食事は学園長の計らいで、学食としては豪華なものが次々に運ばれてくる。無心に食べるモイラと俺。その間ちゃっかりご相伴に預かりながら、アンジーが魔法局に対し不平不満を言いまくる。夜通しで飛んで来た緊急の使いに対して食事も出さないのかから始まり、こんな貴重な物を運ぶのに護衛の1人も付けないのかまで、眉を吊り上げまくし立てる。それをモイラがなだめ、ネビルブが経緯を説明する。そんな風に騒がしくやっていると、マリーヴ教諭を始め、数名の教職員がやって来る。

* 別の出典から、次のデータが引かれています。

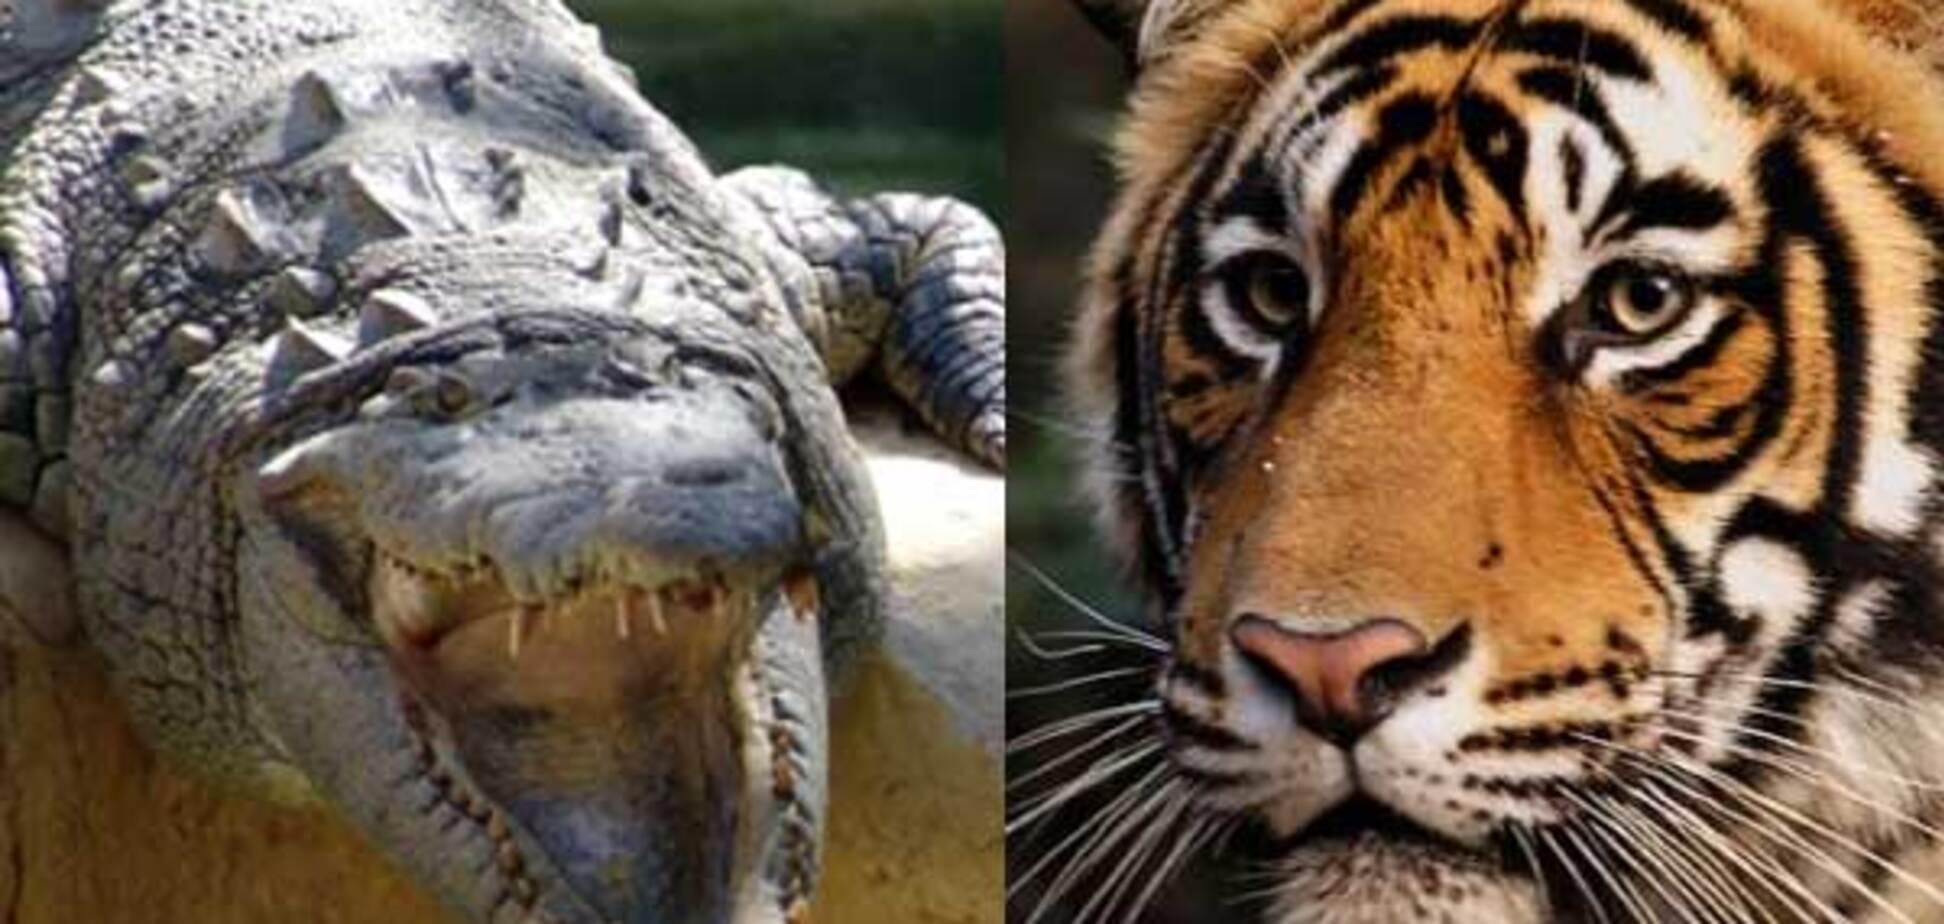 Схватка крокодила с тигром. Очень редкое событие. ФОТО
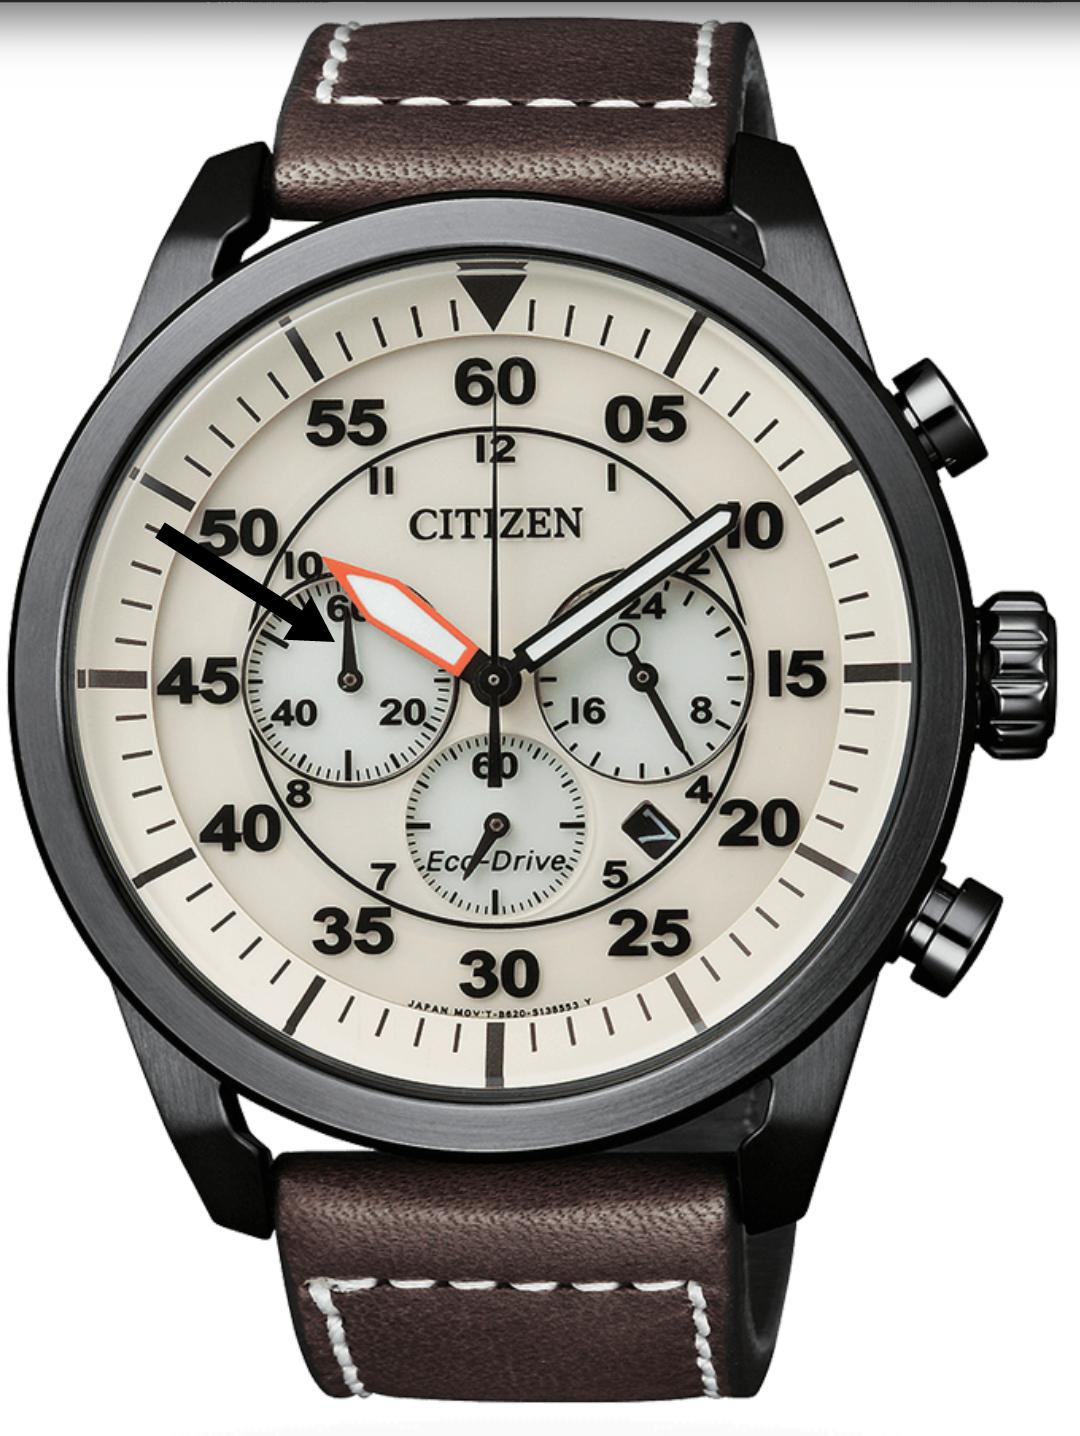 citizen eco drive aviator marcación 60 minutos

「本当に有難う、モイラとボニー。何とか共同異空間の修復が完了したわ。多分明日迄は保たなかった。貴方達が動いてくれなければ終わってたわ。」
安堵した顔で感謝を告げるマリーヴ教諭、だがさすがにその顔には疲労の色が濃く現れている。
「皆さん本当にありがとう、そしてご苦労様。マリーヴ教諭ももうお休み下さい、一睡もされてないでしょう。」
初老の、やや恰幅のいい魔族の男性が告げる。
(あのおっさんは誰でクワ?)
(おっさ…、学園長先生よ!)
ネビルブとアンジーのコソコソ話が聞こえて来る。魔族にしては物腰柔らかい、この人が学園長か…。

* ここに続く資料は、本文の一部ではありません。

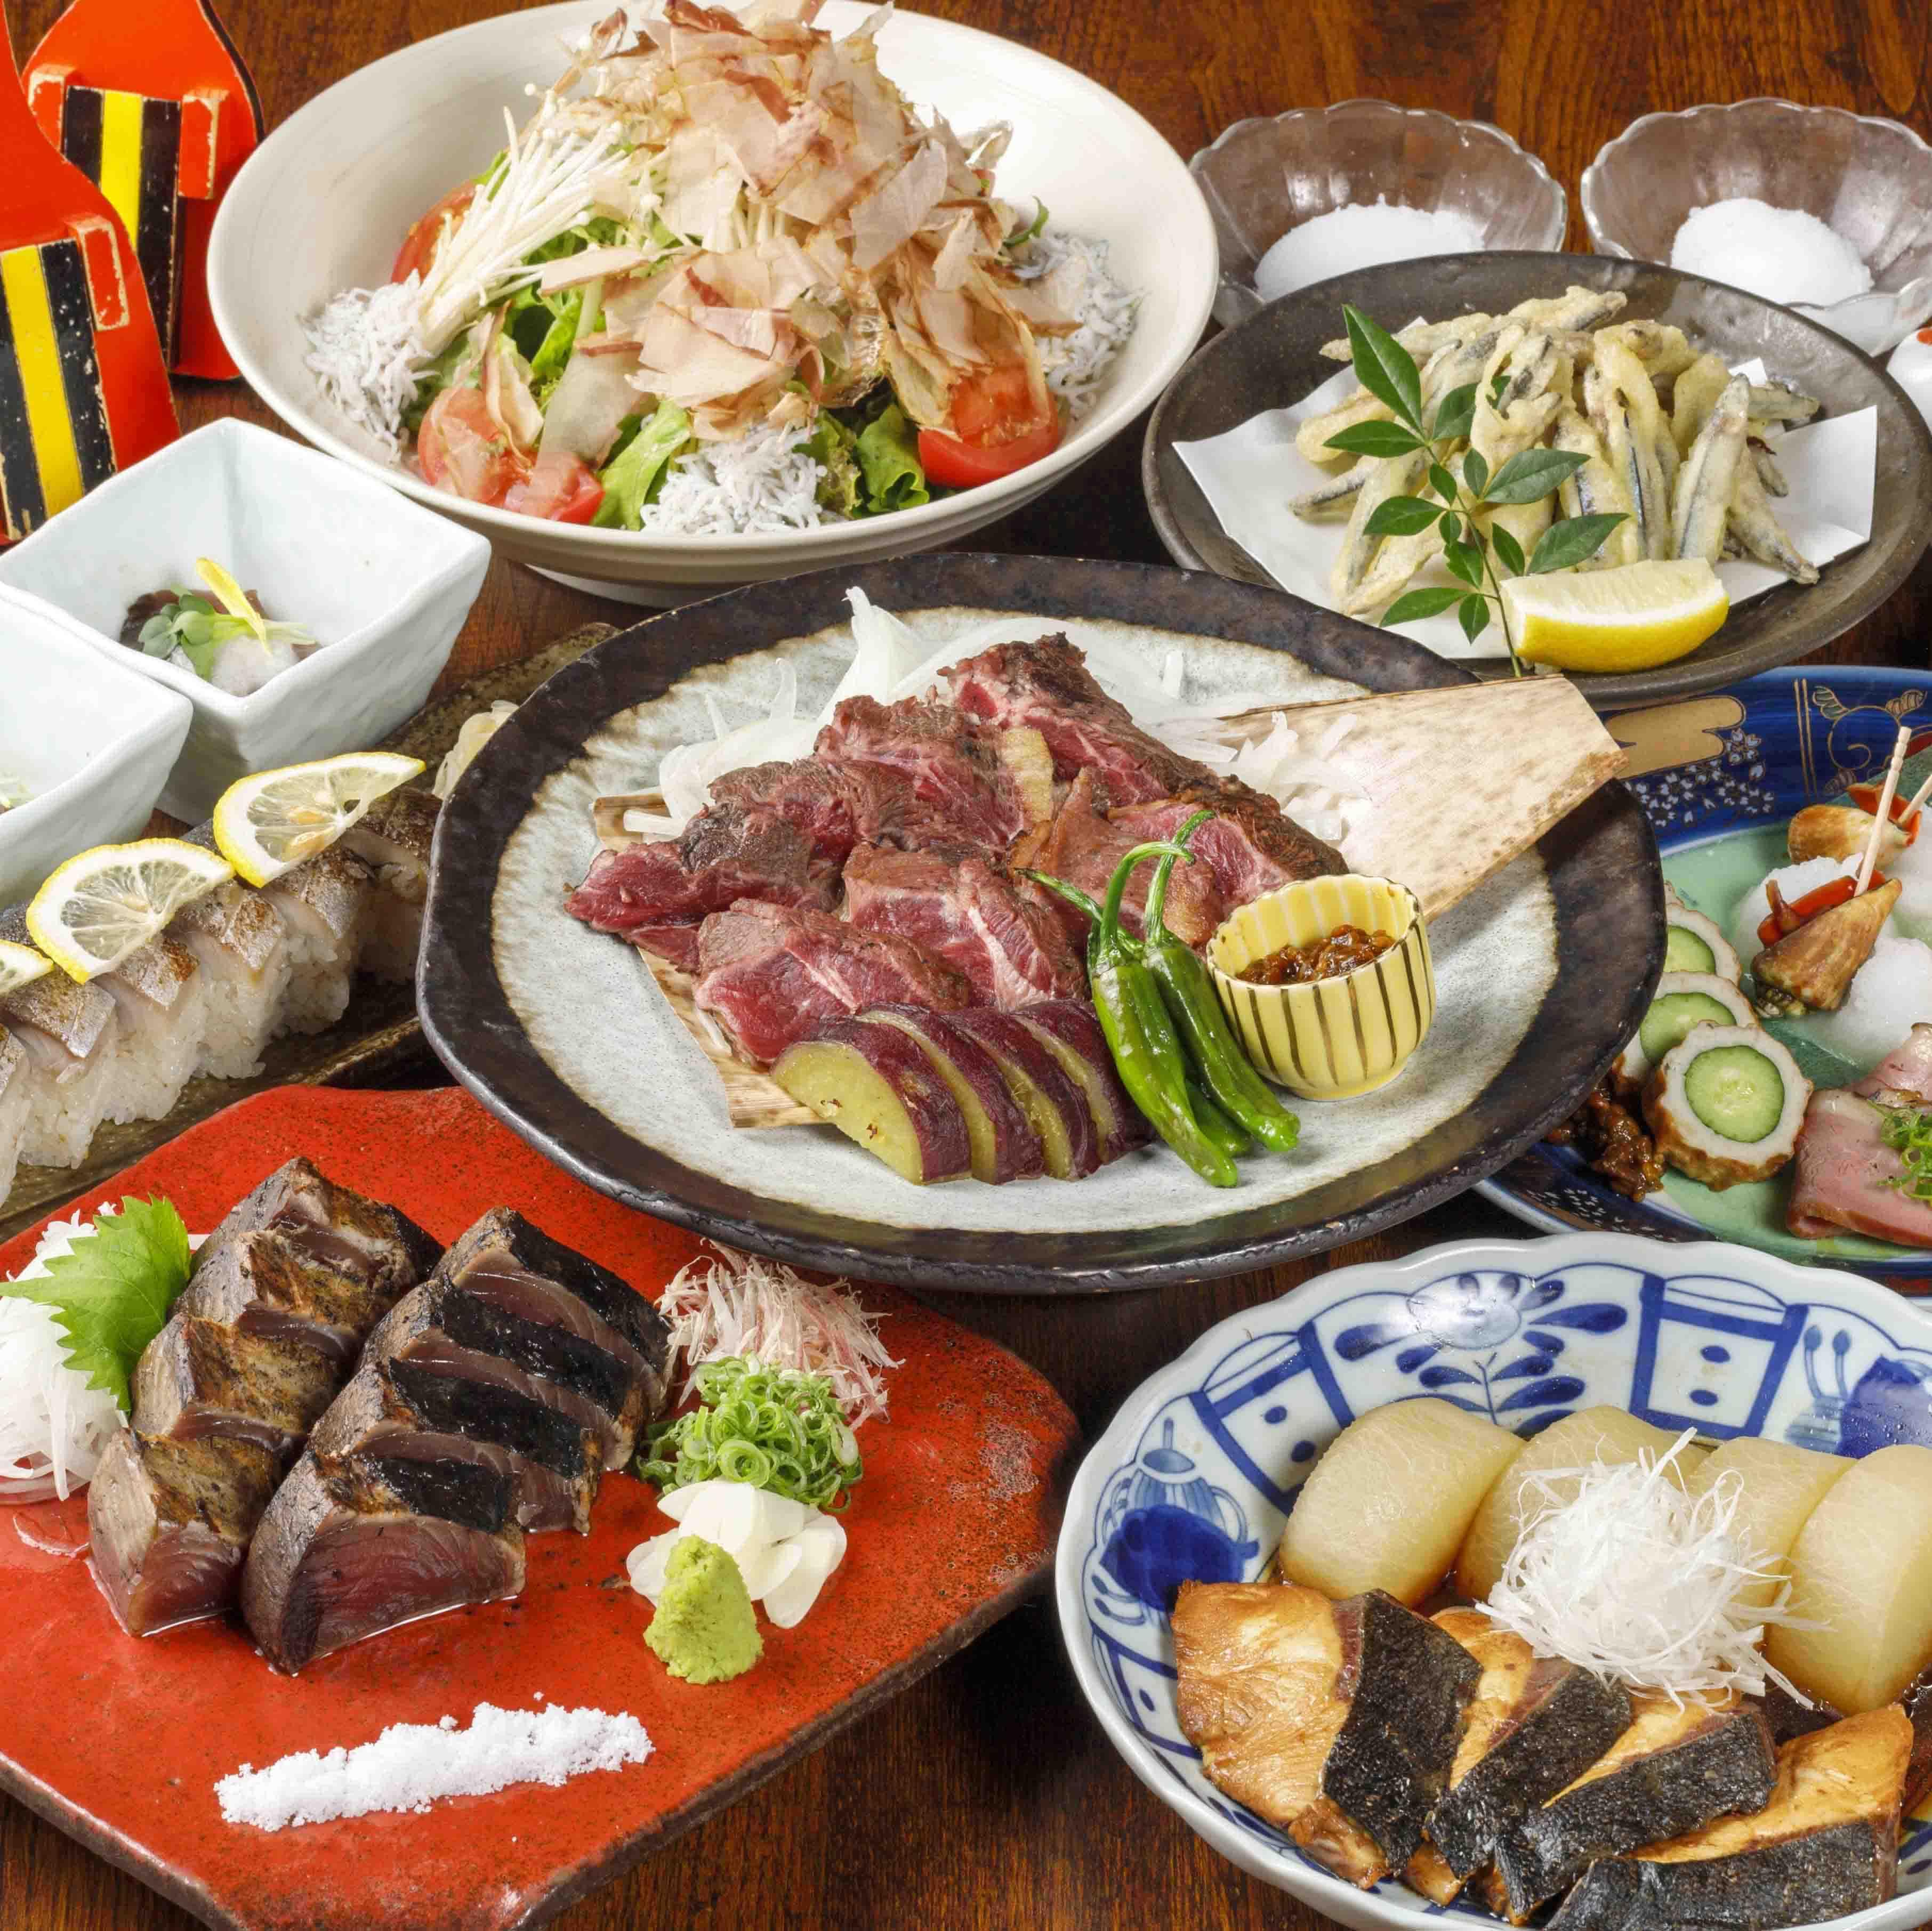 [2時間飲み放題] 鰹の藁焼き×鰻の土鍋飯 はりまやコース11品

「魔法通信で向こうと連絡はとってたんですが、一個小隊の護衛を付けてくれたのではなかったのですか?」
今度はまた別の職員が聞いて来る。その"魔法通信"とやらの担当職員かな?
「実は帰り道の途中までは一緒にいて下さったんですけど、丁度真ん中位まで来た辺りでロック鳥の襲撃を受けたんです。護衛の方達はその時に隊を維持出来ない程被害を受けてしまって、怪我した方の治療を優先して貰って、私達だけで先に来たんです。」
モイラの報告に驚愕する一同。
「ロック鳥⁈ 森林地帯に出るなんて聞いた事が無い。野良じゃ…無いんだろうなぁ。」
「ロックは何とか召喚獣に出来ましたよね。丁度首都のレミスからも、学園からも同じくらい遠いっていう地点で襲われている事を思うと、何者かが意図を持って差し向けて来たのだと思います。」
モイラは意外と冷静な分析をしていた。基本頭いいんだもんねこの子。
「そうか、そんな大物に襲われてたんじゃ、ボニーがそんなに大怪我なのも…って、あれ?」
アンジーが俺の方に向き直って鳩豆な顔をしている。ああすまん、飯を食って魔力が戻ったんでもう治しちゃった。

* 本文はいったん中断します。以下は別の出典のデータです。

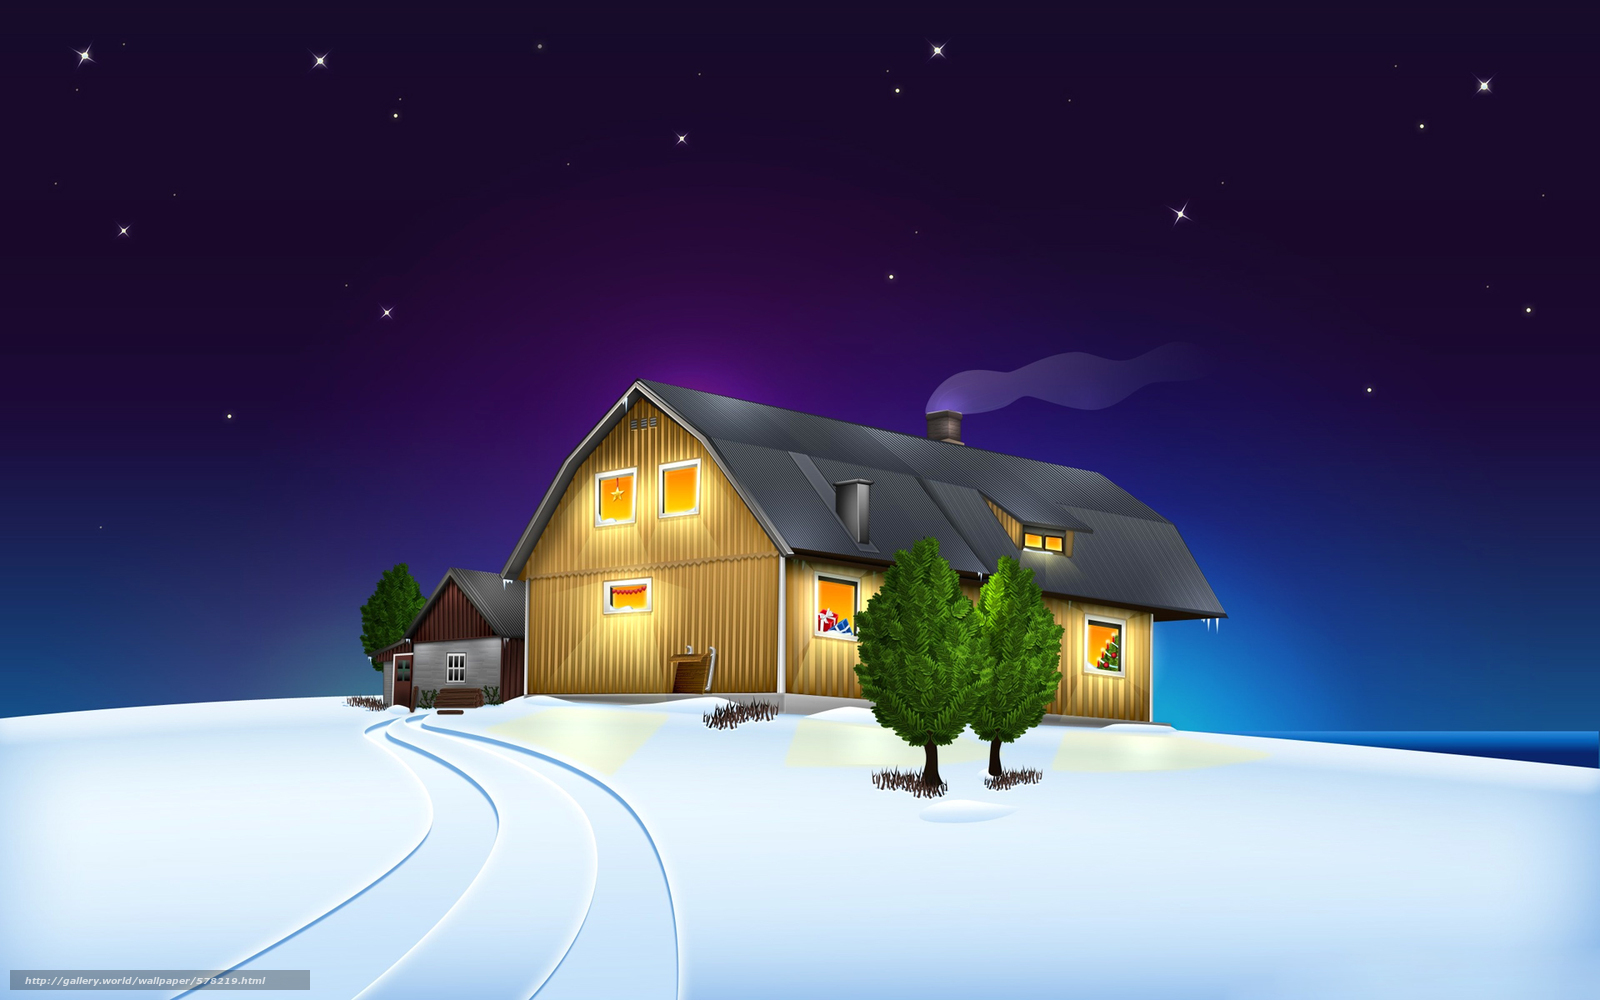 Download Hintergrund Zuhause, Weihnachten, Landschaft, Stern Freie ...

ここでちょっと、俺は気になっていた事をマリーヴ教諭に質問しようと思った。
「教諭。」
「え?」
考えてみればこの人と直接会話した事なんて無かったな…と、不意を突かれたという顔のマリーヴ教諭を見て思ったりする。
「あの…、フレスなんとか言う鳥の召喚獣の主人の事なんだが…。」
「えっと…、グイースの事かしら?」
「フレスベルグの主人って言ったらそうよね。」
アンジーが話に加わって来る。
「そのグイース君なんだが、模擬戦以来見かけないんだが、…元気なのか?」
「ハア?」
突然何言ってるのの顔のアンジー。口下手キャラを拗らせ過ぎて話の切り出しに失敗したんだってば!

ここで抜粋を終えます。